Coelho is a Brazilian writer with four books to his credit. Following Diary of a Magus (1992—not reviewed) came this book, published in Brazil in 1988: it's an interdenominational, transcendental, inspirational fable—in other words, a bag of wind.
The story is about a youth empowered to follow his dream. Santiago is an Andalusian shepherd boy who learns through a dream of a treasure in the Egyptian pyramids. An old man, the king of Salem, the first of various spiritual guides, tells the boy that he has discovered his destiny: "to realize one's destiny is a person's only real obligation." So Santiago sells his sheep, sails to Tangier, is tricked out of his money, regains it through hard work, crosses the desert with a caravan, stops at an oasis long enough to fall in love, escapes from warring tribesmen by performing a miracle, reaches the pyramids, and eventually gets both the gold and the girl.
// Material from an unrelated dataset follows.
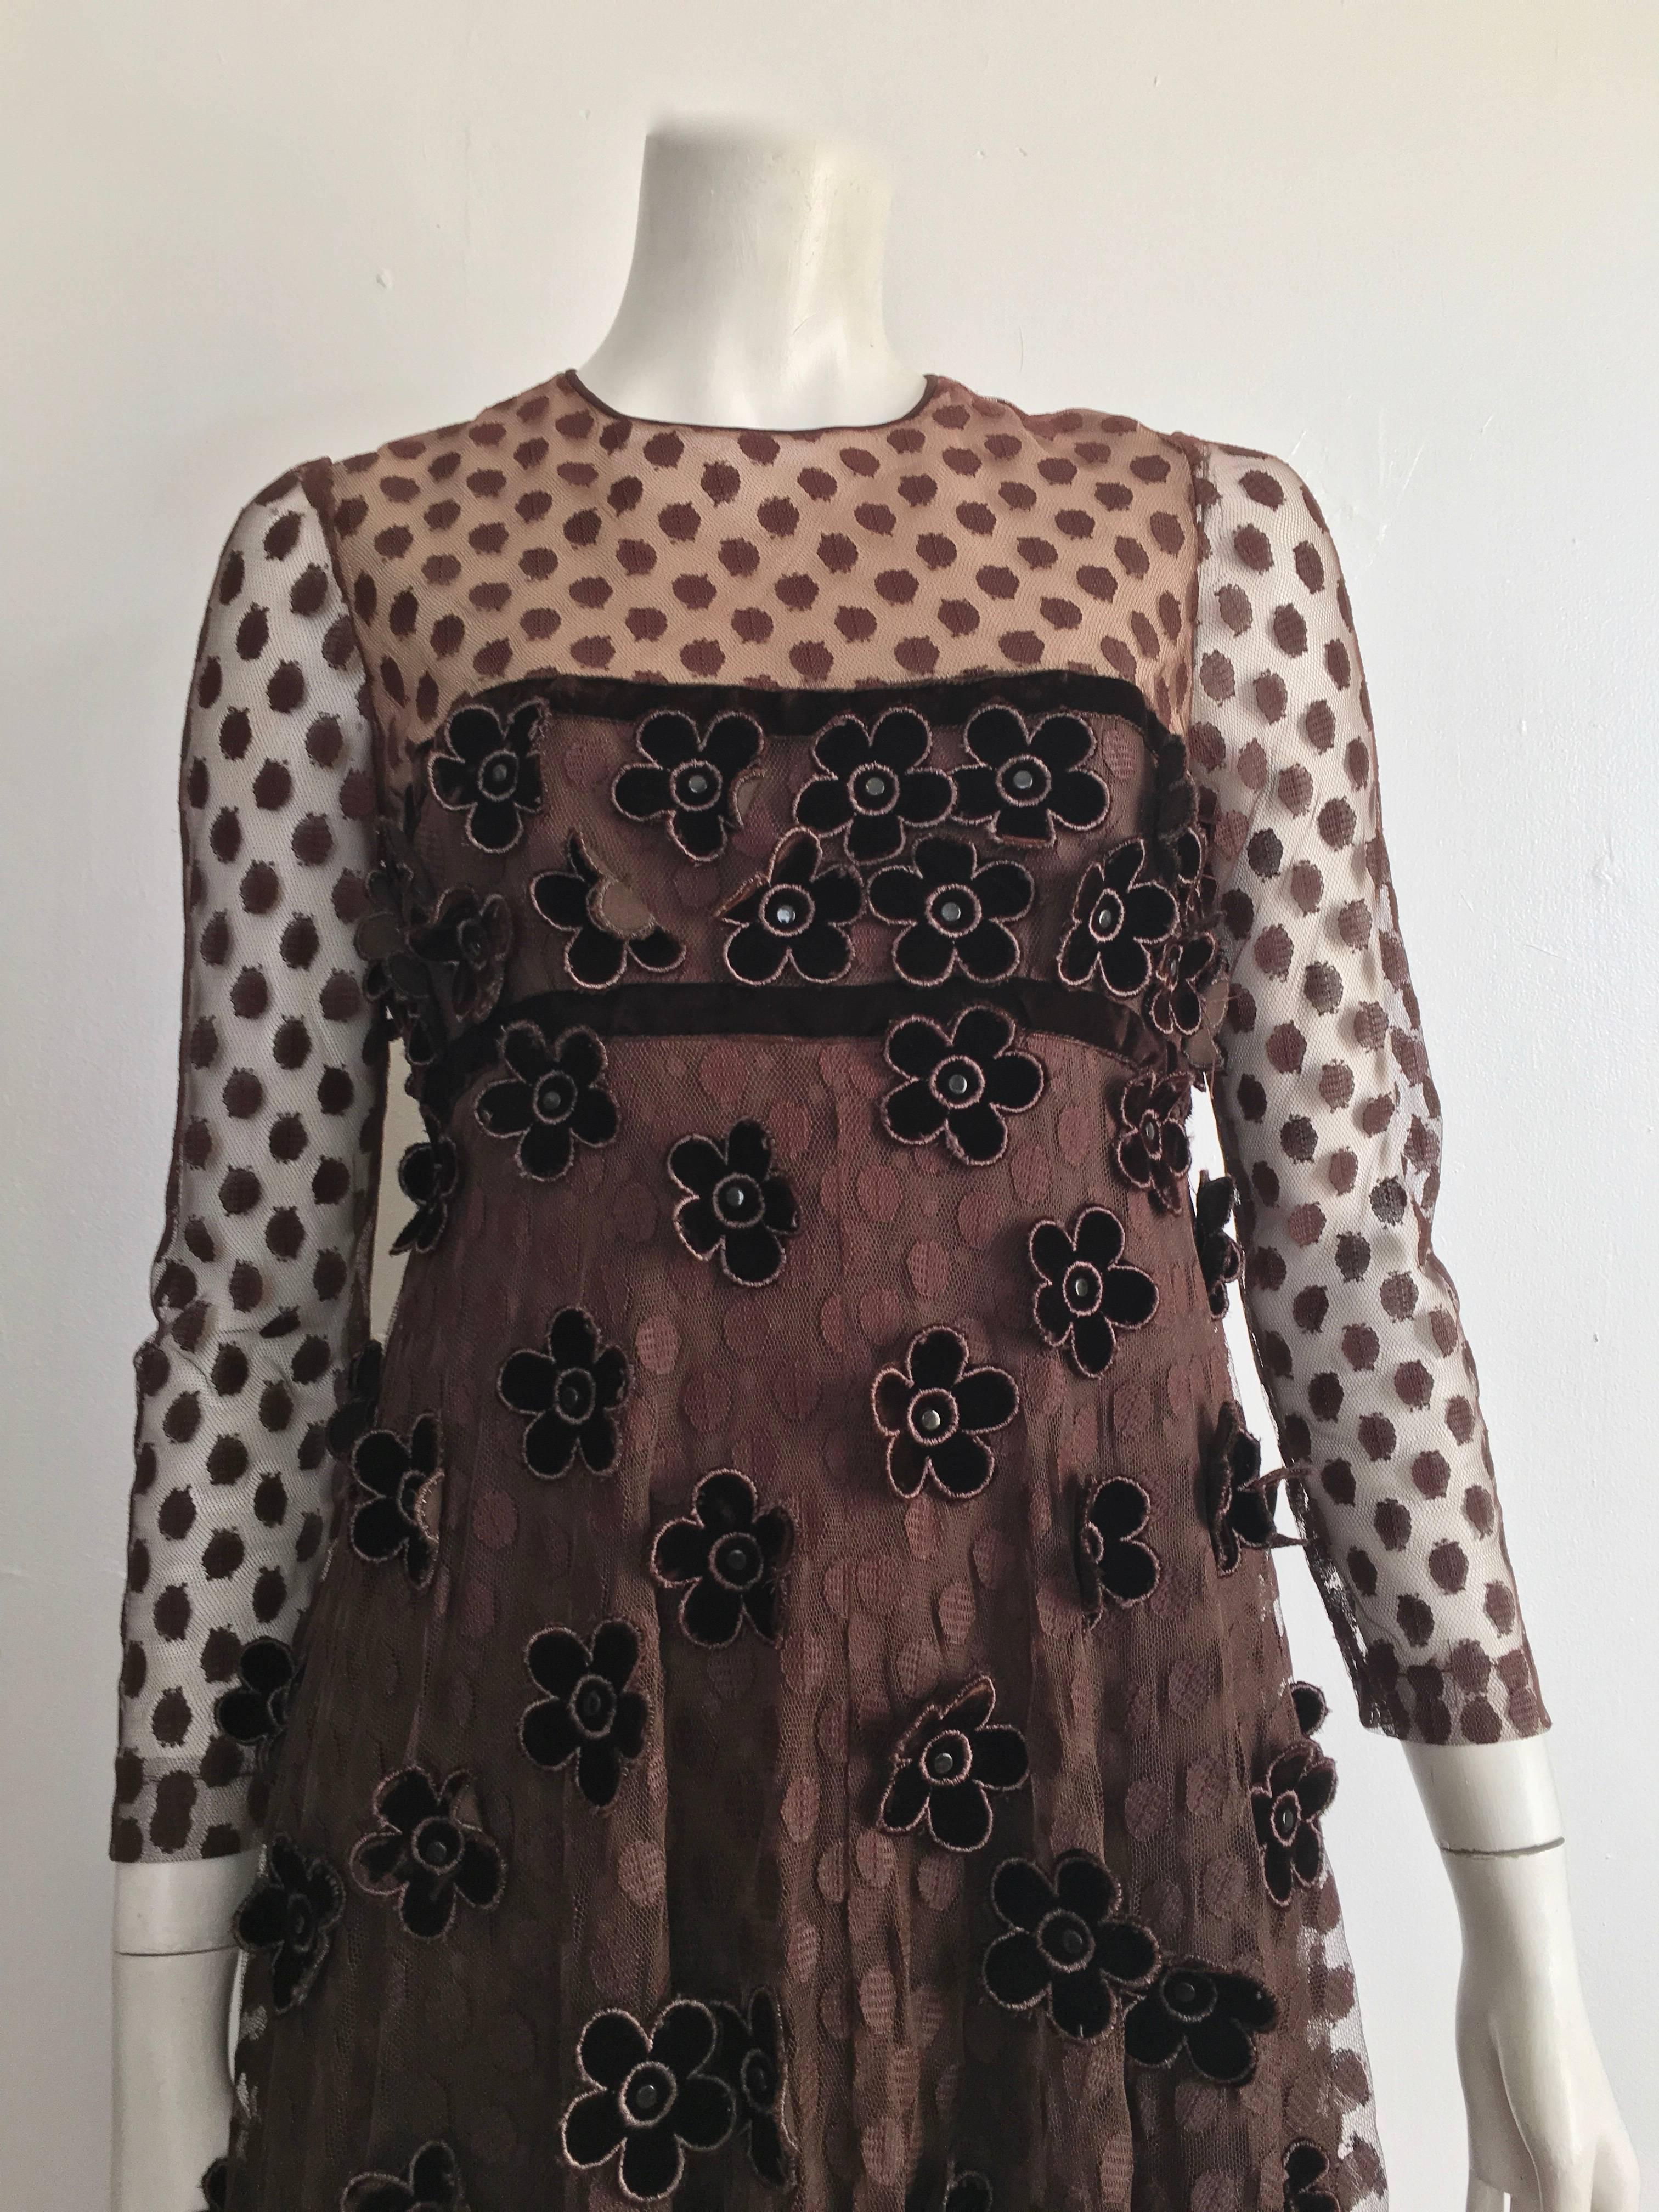 Gorgeous unknown designer 1960s chocolate brown tulle layered empire waist dress with velvet flowers maxi dress is a size 8 / 10.  The waist on this maxi dress is 32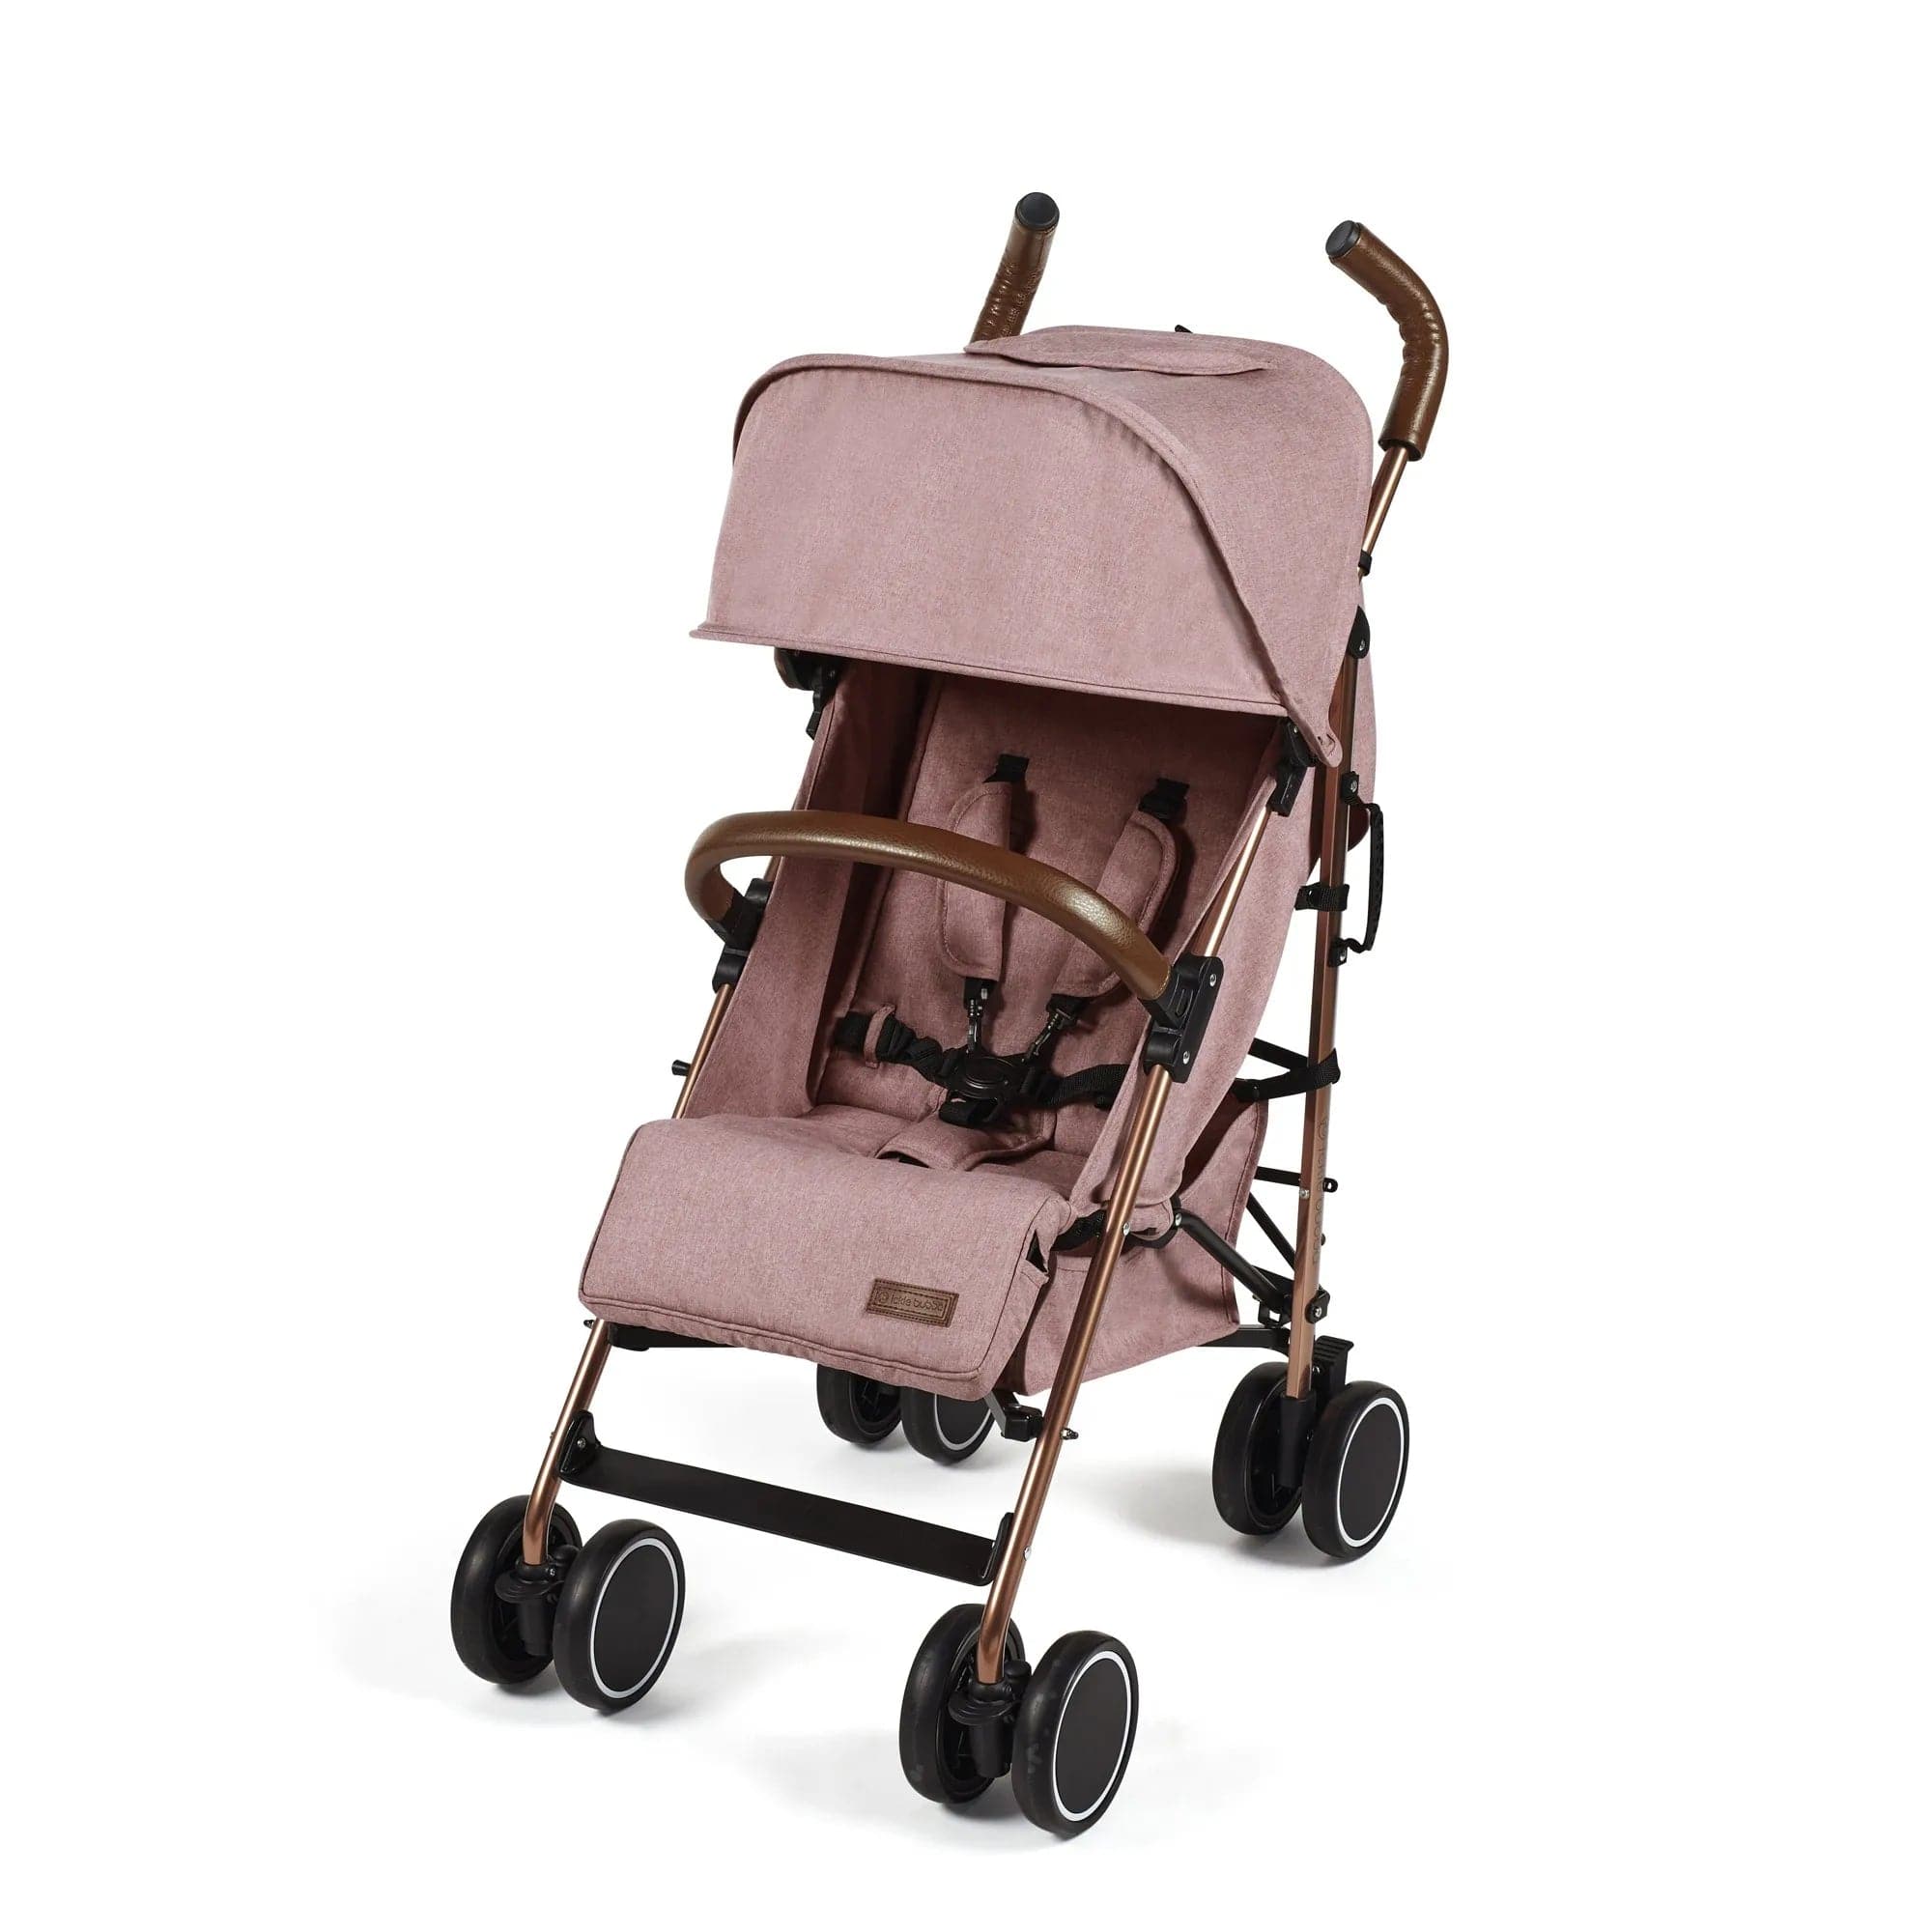 Ickle bubba Discovery Prime Stroller -  Rose Gold / Dusky Pink - For Your Little One

Along the way he meets an Englishman who describes the Soul of the World; the desert woman Fatima, who teaches him the Language of the World; and an alchemist who says, "Listen to your heart" A message clings like ivy to every encounter; everyone, but everyone, has to put in their two cents' worth, from the crystal merchant to the camel driver ("concentrate always on the present, you'll be a happy man"). The absence of characterization and overall blandness suggest authorship by a committee of self-improvement pundits—a far cry from Saint- Exupery's The Little Prince: that flagship of the genre was a genuine charmer because it clearly derived from a quirky, individual sensibility.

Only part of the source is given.